Malkin enjoyed looking after the ewes. He was glad to be of use, happy to be working at his old job again for a short while. He'd lambed hundreds of sheep in his time, and there was no need for anyone to tell him what to do. He could work alone, with his own thoughts for company. His help during the day meant that Rod Whittaker could go off to work on his driving job and take over in the shed when he came home in the evening.
He felt sorry for Rod, struggling to make a go of it. Farming was in the lad's blood, but he had no money to go into it properly, and little hope of making enough profit from his sheep to earn a living. Trying to get into farming was no life for a man now. Rod would be a lorry driver for the rest of his days, forced into earning his living some other way. Every morning, when he set off for work, he looked tired and bleary-eyed from a night dozing uncomfortably in the lambing shed.
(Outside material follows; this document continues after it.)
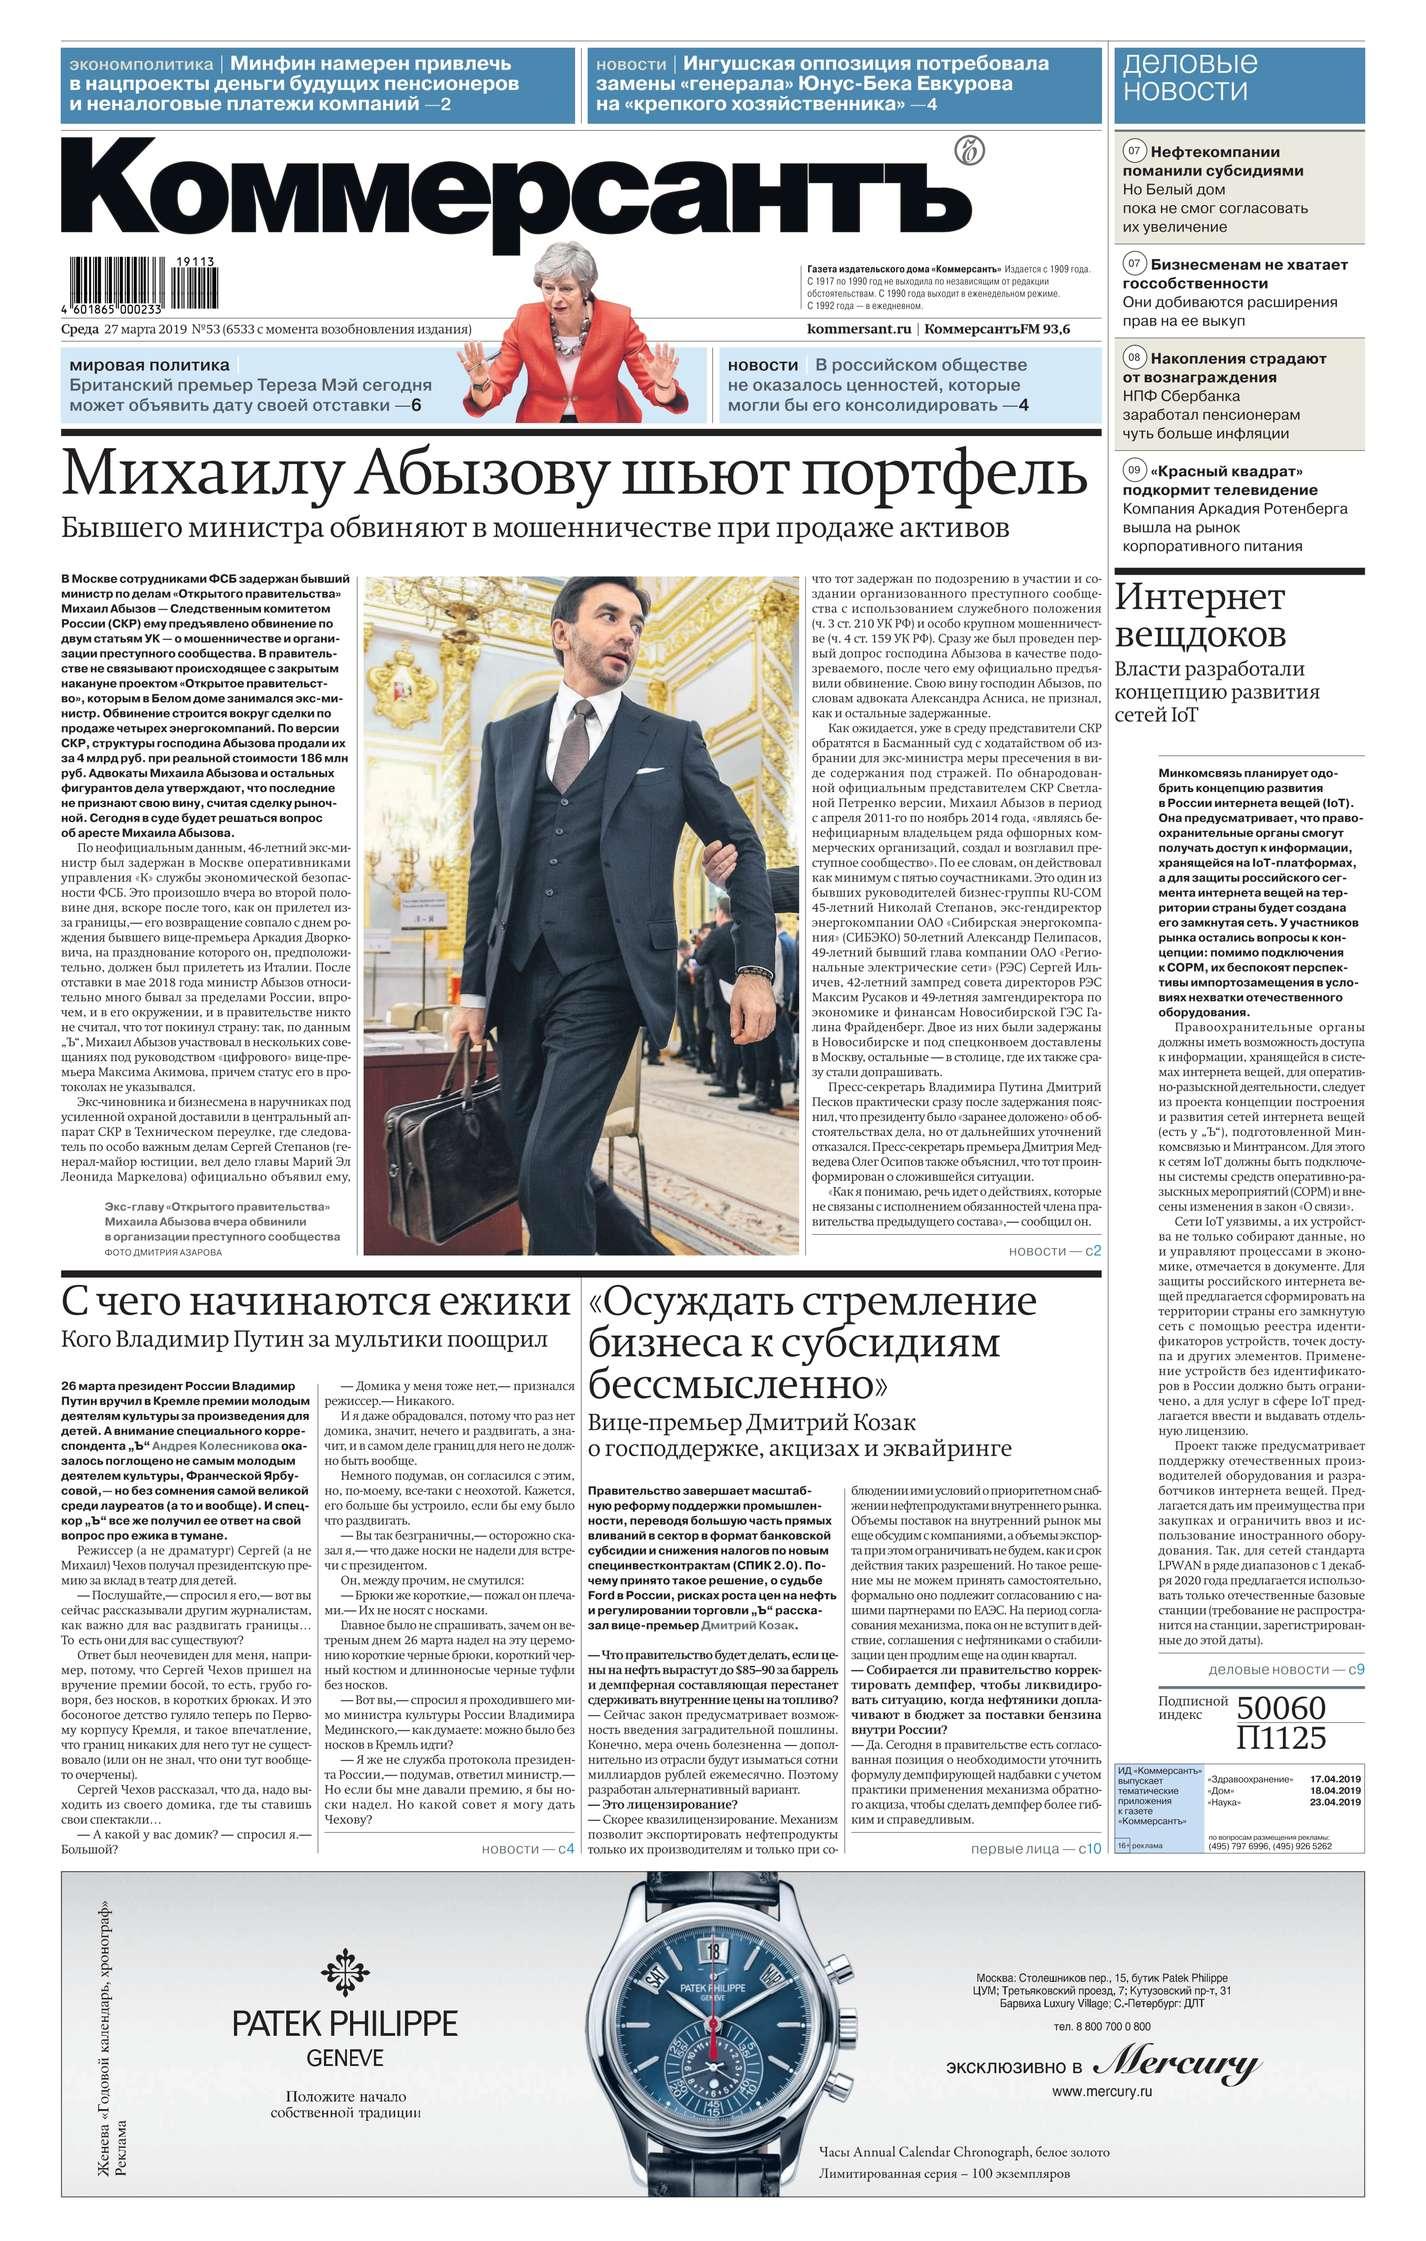 цена на Редакция газеты Коммерсантъ (понедельник-пятница) Коммерсантъ (понедельник-пятница) 53-2019

Shortly before the police arrived, one lamb had been born dead. Across the aisle, another ewe had produced two and was rejecting the second, refusing to allow it to feed. The tiny lamb was bleating, but its mother repeatedly butted it away in favour of its larger, stronger sibling, which was sucking vigorously at the teats.
Neither the dead lamb nor the rejected one was unusual, and Malkin knew exactly what he had to do. The fleece had to be skinned from the dead lamb and tied round the body of the rejected one, to give it the right smell for the bereaved ewe to accept it as her own. It was the old way, but the best one. The sheep were stupid — they never knew that they'd been fooled.